In this study, we tried to differentiate between AC and SCC of the lung using PET/CT parameters. We found a statistically significant difference between the SCC and AC regarding the tumor size, SUVmax of the tumor, and the TLR with these parameters are higher among patients with SCC.
We studied 60 patients who were pathologically proven to have either lung SCC or AC which are considered the most common pathological types. The number of patients with AC was larger than patients with SCC at 60% and 40%, respectively. This is consistent with the international epidemiology of lung cancer and the switch that happened after 1990 with lung AC becoming the first type of lung cancer representing 60% of all types followed by SCC representing 20% . Karam et al. , Kim et al. , and Wang et al.  also included patients with only pathologically proven AC and SCC during their research and found that the AC patients are more than SCC patients; AC patients in their sample represented 60.2%, 56.3%, and 66.4%, respectively, which is very close to our patient sample. However, Lu et al.  and Sunnetcioglu et al.  included patients with other pathological types such as bronchoalveolar carcinoma and small cell lung cancer.
A significant correlation was found between the size of the tumor measured on contrast-enhanced CT images and the pathological type of the tumor with SCC masses showed higher sizes compared to the AC masses with P value = 0.008. This is also in keeping with previous studies that found a larger size of SCC tumor [12, 14, 17].
Multiple previous studies found a significant correlation between the pathological type of the NSCLC and SUVmax of the tumoral lesions with SCC lesions showed higher SUVmax compared to AC [12,13,14,15,16,17]. This is in agreement with our result and this can be explained by the higher size of the SCC tumors as shown in our study and subsequently containing a larger number of malignant cells leading to increased metabolic activity compared to AC tumors which reflects the FDG uptake and SUVmax.
De Geus et al.  found a significant difference between the SUVmax of SCC compared to AC and large cell carcinoma yet there was no significant difference found between AC and large cell carcinoma. Lu et al.  found a statistically significant difference between the SUVmax of SCC, AC, and bronchoalveolar carcinoma. Multiple studies also found a correlation between the SUVmax and the degree of differentiation of the tumor [9, 17].

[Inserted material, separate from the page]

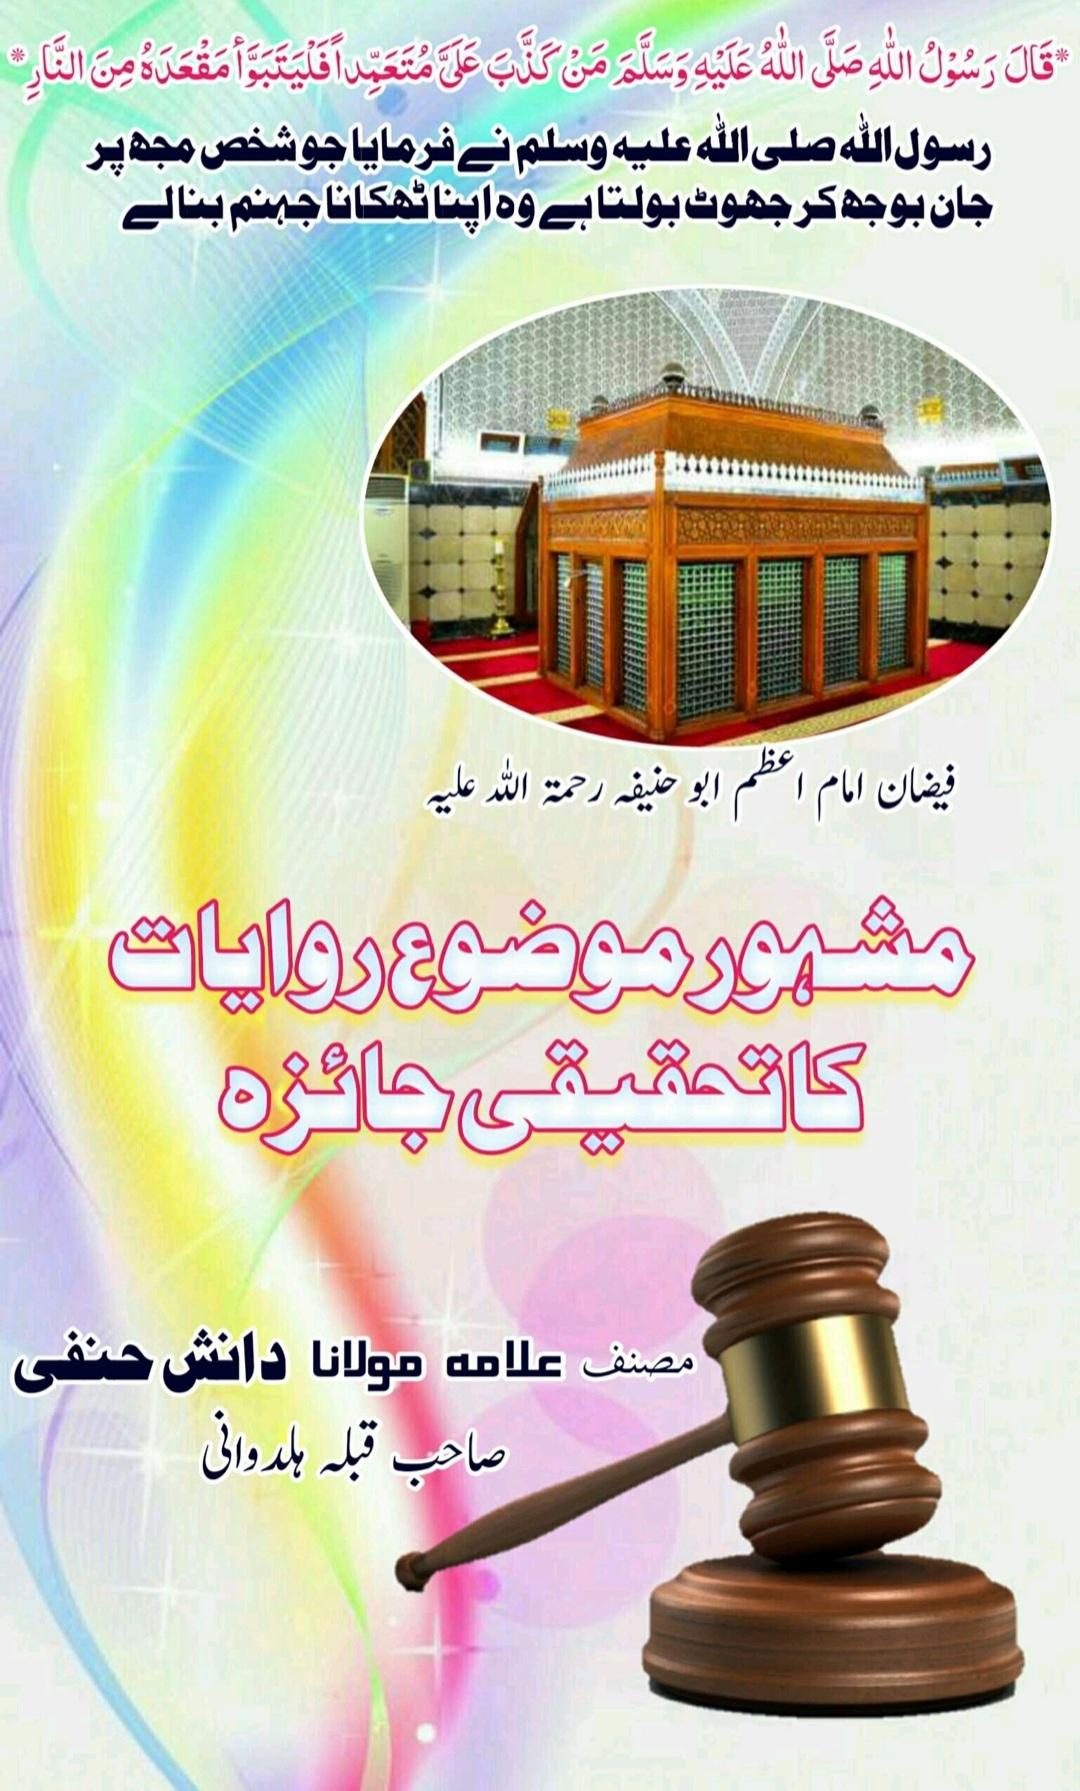 Mashoor Mozo Riwayat Ka Tehqiqi Jaiza / مشہور موضوع روایات کا تحقیقی جائزہby مولانا دانش حنفی صاحب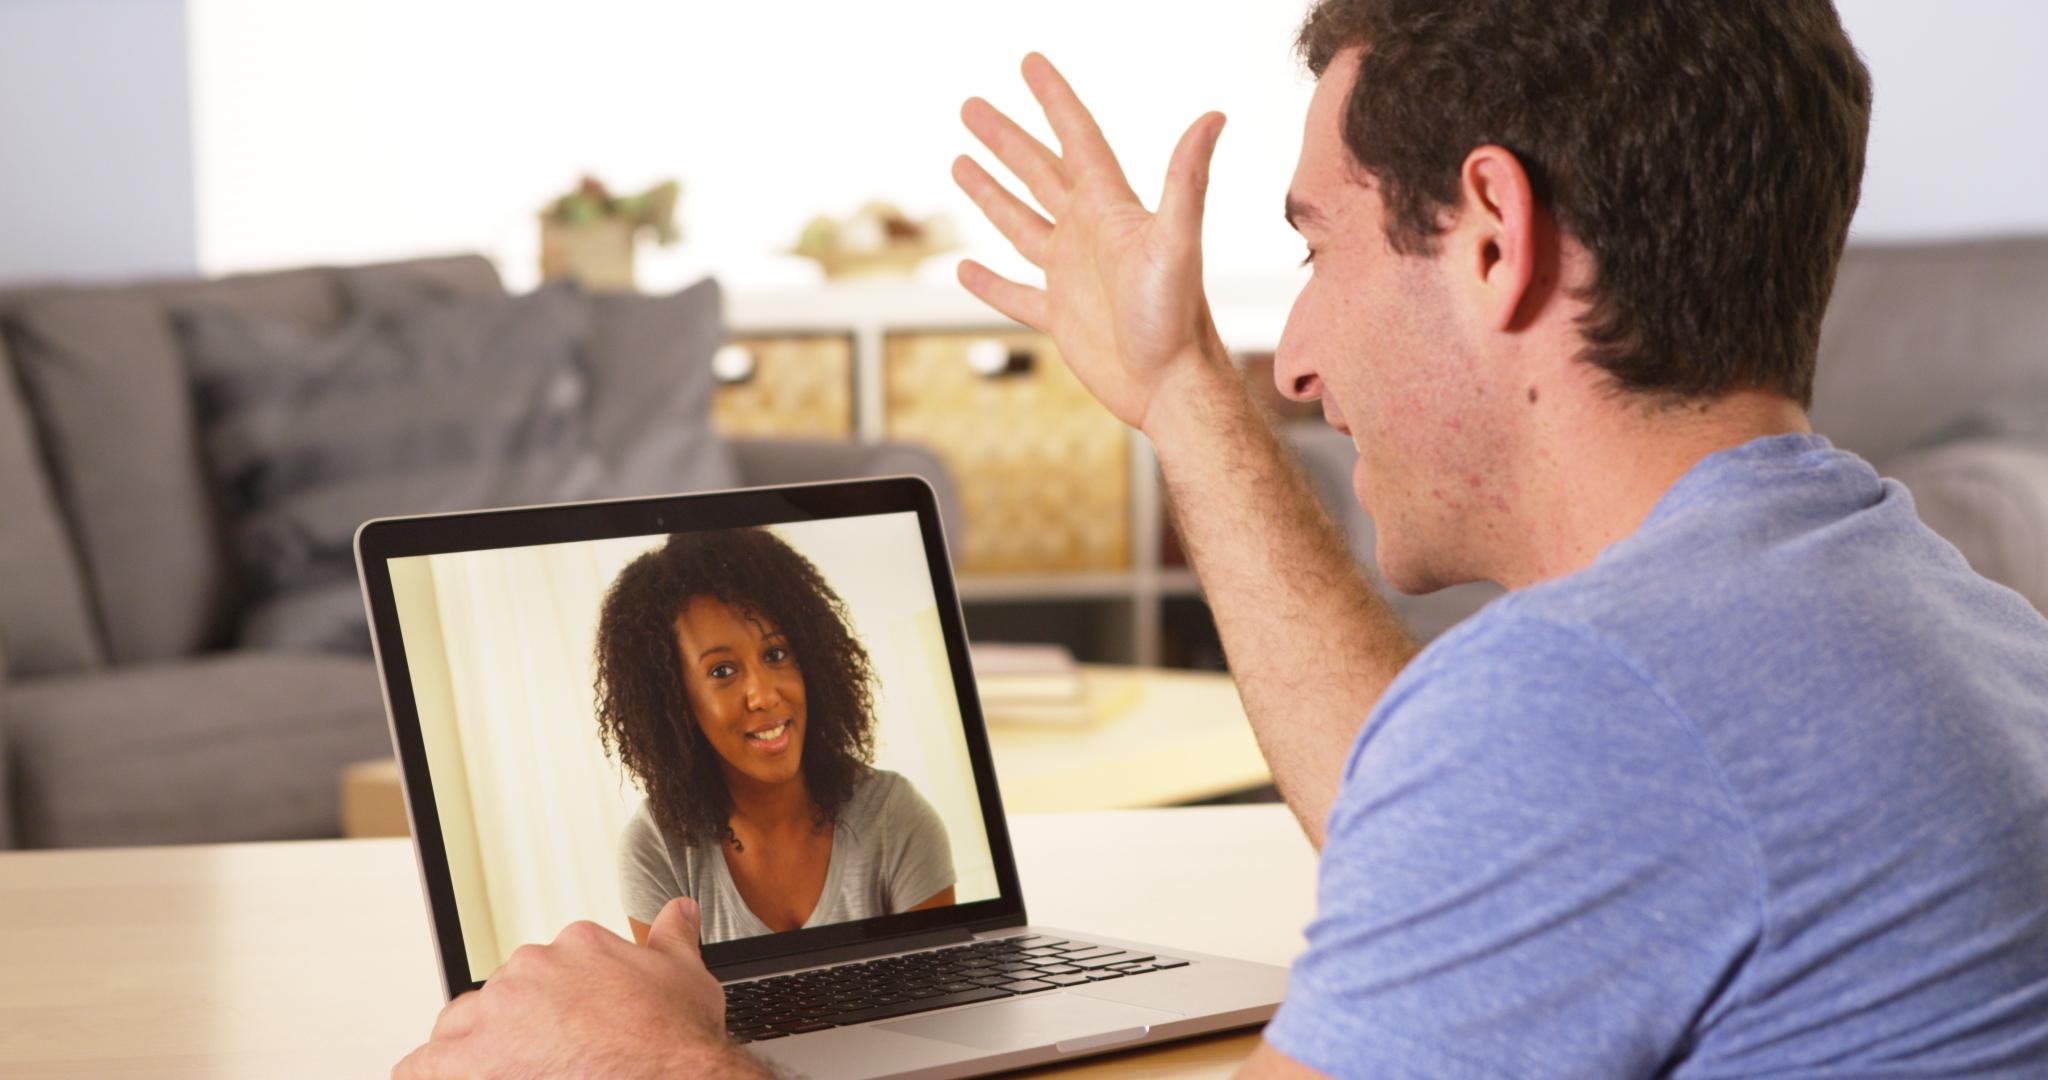 Laptop Video Call

No statistically significant correlation was found between the SUVmax of the tumor and the sex or gender of our patients and this is consistent with Karam et al.  and Lin et al. .
Regarding the SUVmax of the lymph nodes, no significant difference was found between the SUVmax of the lymph nodes of AC patients and SCC patients and no significant correlation between the SUVmax of the lymph nodes and the size of the tumor; however, we found a highly significant correlation between the SUVmax of the LN and SUVmax of the tumor. Wang et al.  also found no difference between AC and SCC as regards the metastatic lymph nodes SUVmax. Nambu et al.  and Li et al.  reported that tumor with higher SUVmax has a higher risk of lymph nodes metastases.
In the current study, we tried to make a normalization for the SUVmax of the tumor by dividing it by the SUVmax of the liver trying to eliminate the effects of other parameters that may affect the accuracy of the SUVmax such as the dose of FDG, the weight of the patient, the time gap between the injection and the acquisition and lastly the patients’ glucose level. Multiple previous types of research used the liver as a parameter for normalization [17, 22]. TLR showed a significant difference between patients with AC and patients with SCC being higher in patients with SCC and this is consistent with Duan et al.  who concluded that TLR is one of the parameters which can be used to differentiate between SCC and AC and also showed a significant correlation with the tumor differentiation.
To our knowledge, no previous studies tried to calculate the cut-off values of SUVmax of the tumor, size of the tumor, and TLR which can be used to differentiate between the SCC and AC. However, all these parameters showed the same sensitivity (75%), and TLR showed the highest specificity 77.78% compared to 76.47% for tumor size and 72.22% for SUVmax.
Shao et al.  tried to use PET/CT to predict the different pathological subtypes and growth patterns of early adenocarcinoma. They found higher SUVmax in cases with invasive adenocarcinoma compared to adenocarcinoma in situ and minimally invasive adenocarcinoma with median SUVmax = 2.0 which was the optimal cutoff value with P value = 0.008. Also, they found a SUVmax of 1.4 was the optimal cutoff value for differentiating the growth pattern of adenocarcinoma.
Liu et al.  tried to use SUVmax to differentiate between the synchronous multiple primary lung tumors and the lung metastases and they found SUVmax of 1.7 the best cut-off value with 62.7% sensitivity and 82.6% specificity.
Limitations The current study tried to differentiate between the two commonest pathological subtypes of lung cancers. So, further studies can be conducted on more pathological types. Also, bigger sample size and multicentric studies are needed to obtain more accurate results. Finally, the degree of tumor differentiation is better to be added in comparison.